■ **Data below**:
* * * * * * *

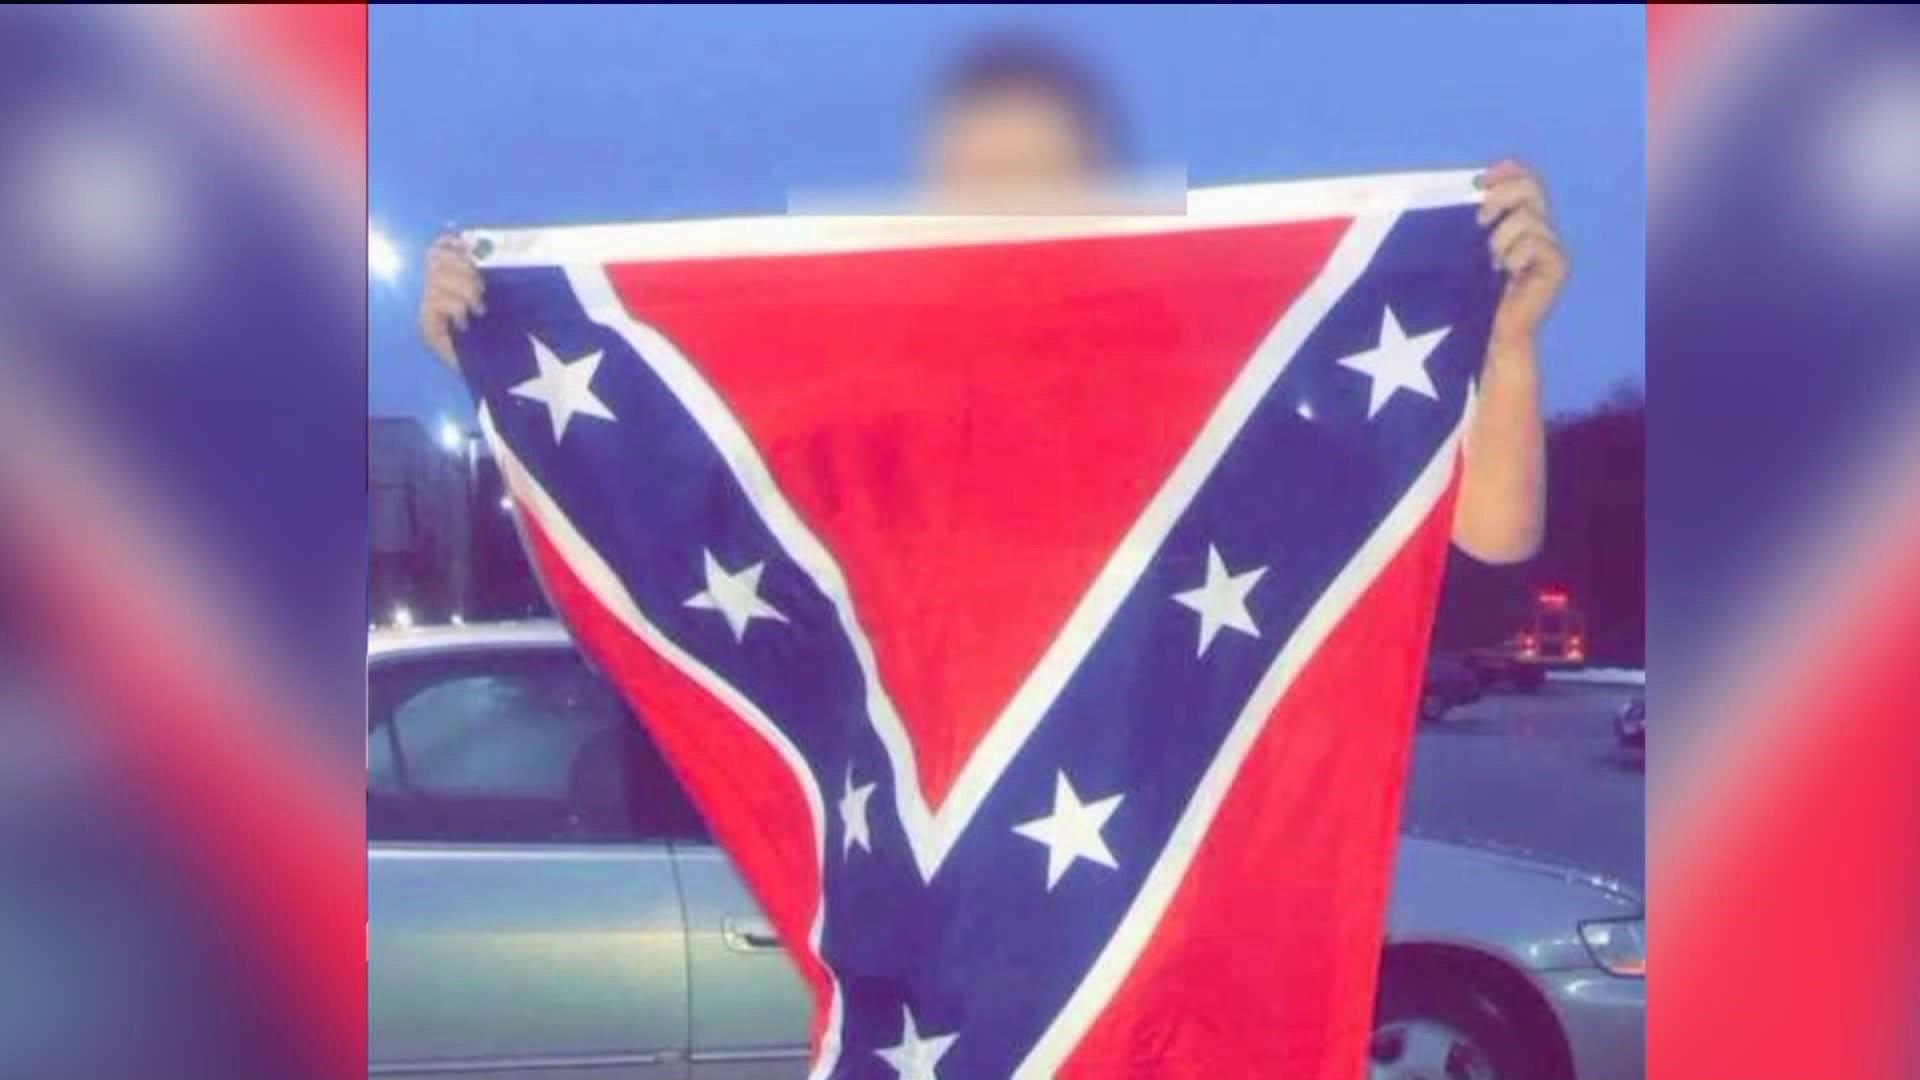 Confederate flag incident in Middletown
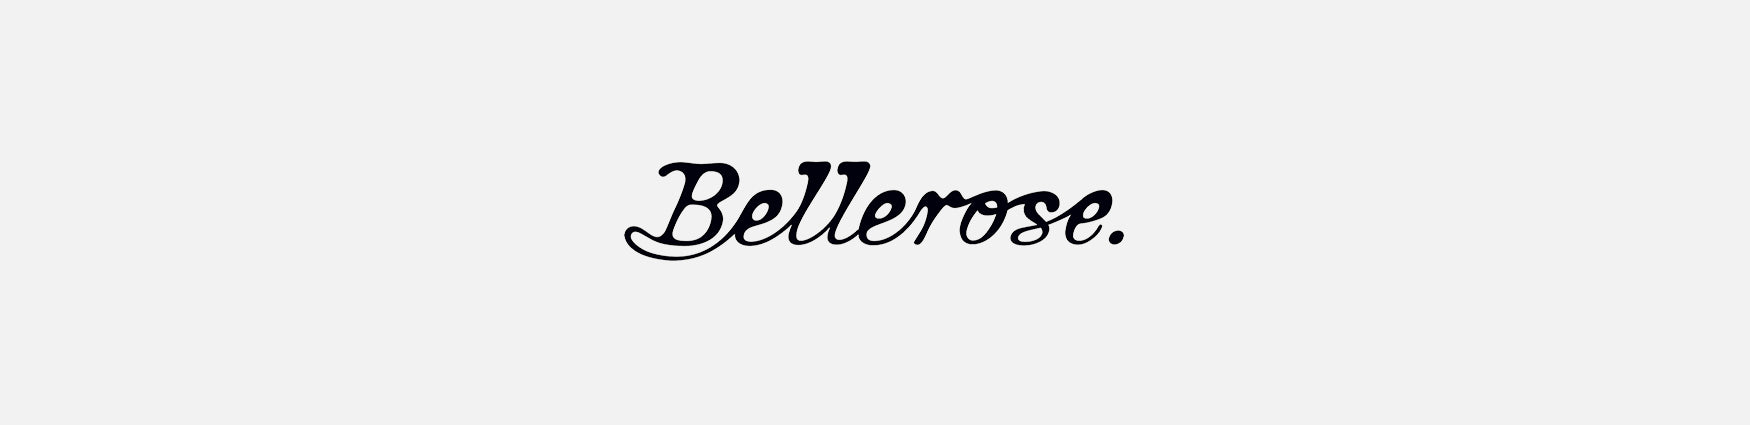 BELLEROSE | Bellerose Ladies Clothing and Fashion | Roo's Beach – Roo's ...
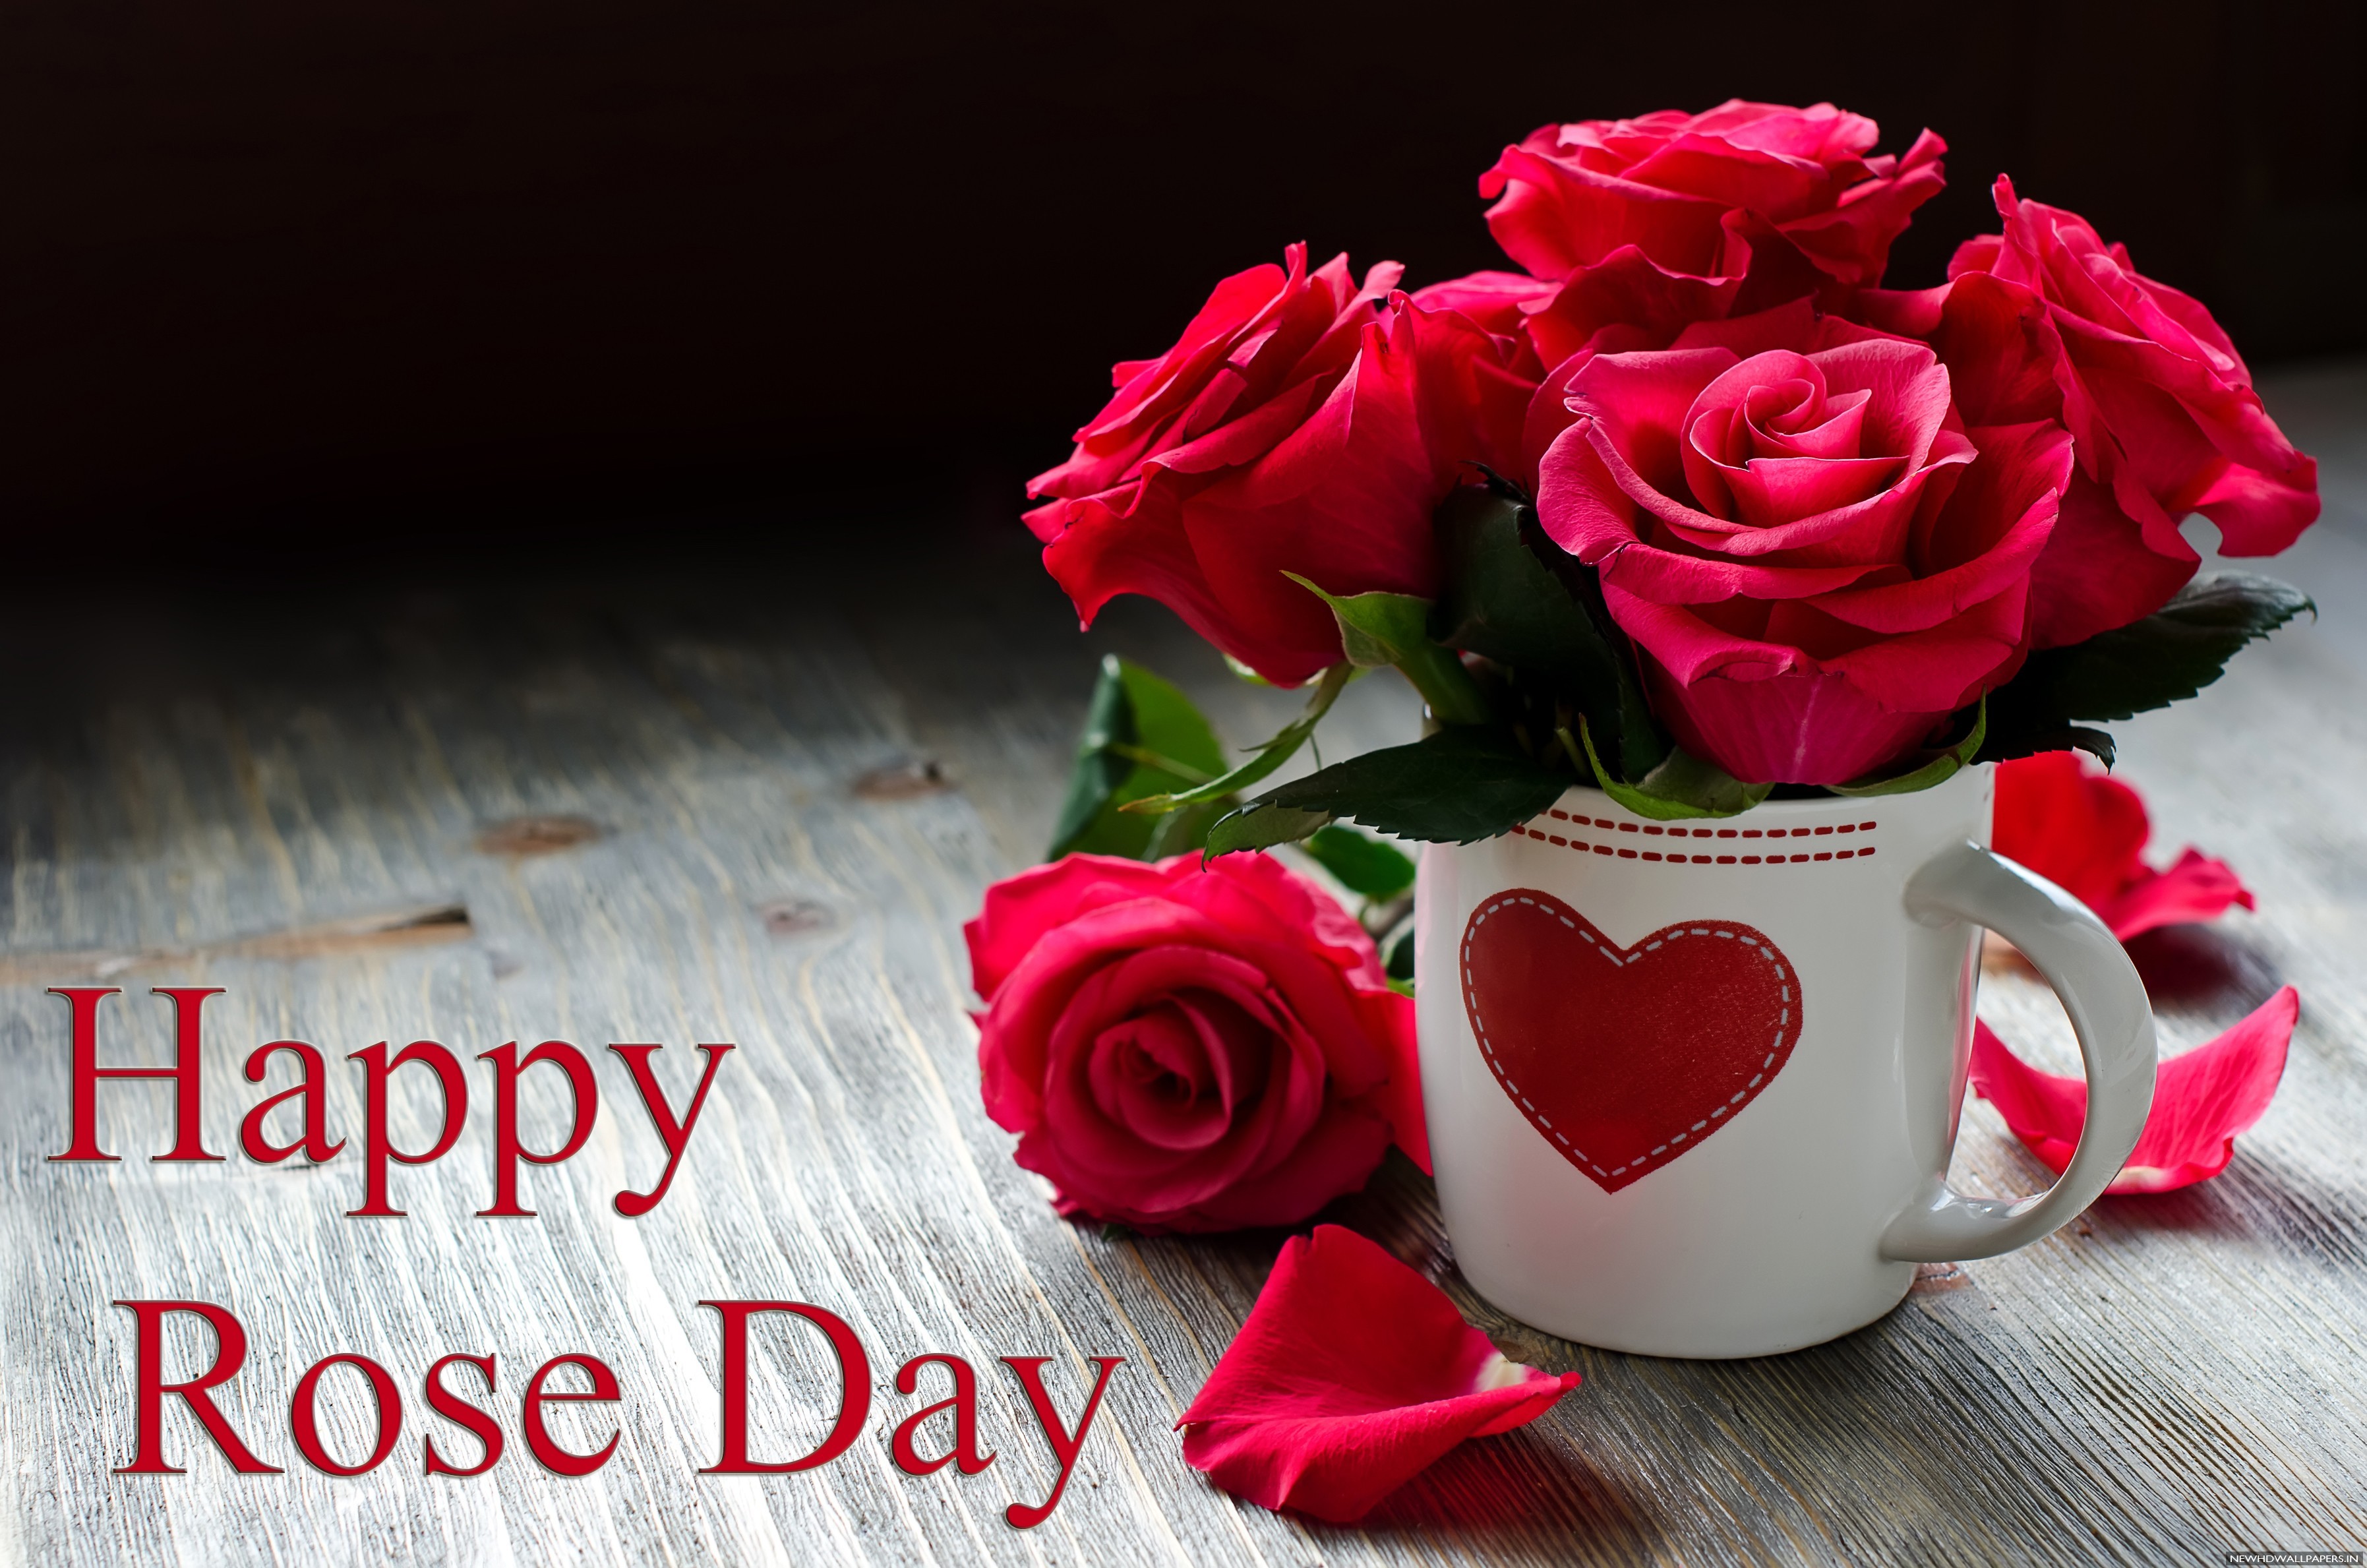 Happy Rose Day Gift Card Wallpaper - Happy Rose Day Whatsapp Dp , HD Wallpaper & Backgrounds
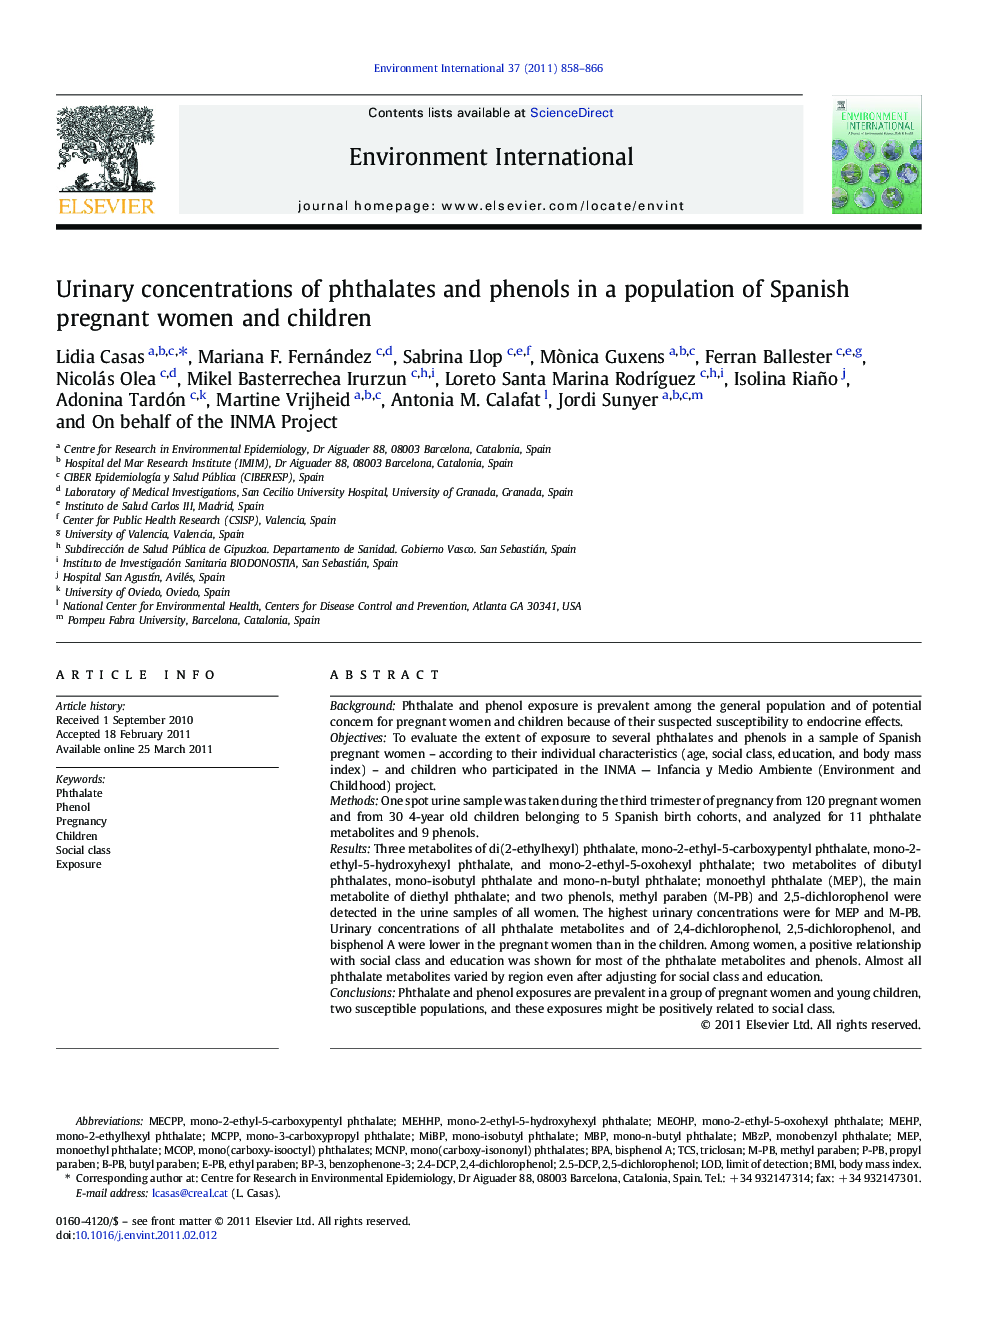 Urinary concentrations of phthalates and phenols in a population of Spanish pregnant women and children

* * * * * * *

■ **Task to carry out**:
Full copy, no pictures: write out each line of the data exactly as it stands.

■ **Problem solution**:
 Confederate flag incident in Middletown
 BELLEROSE | Bellerose Ladies Clothing and Fashion | Roo's Beach – Roo's ...
 Happy Rose Day Gift Card Wallpaper - Happy Rose Day Whatsapp Dp , HD Wallpaper & Backgrounds
 Urinary concentrations of phthalates and phenols in a population of Spanish pregnant women and children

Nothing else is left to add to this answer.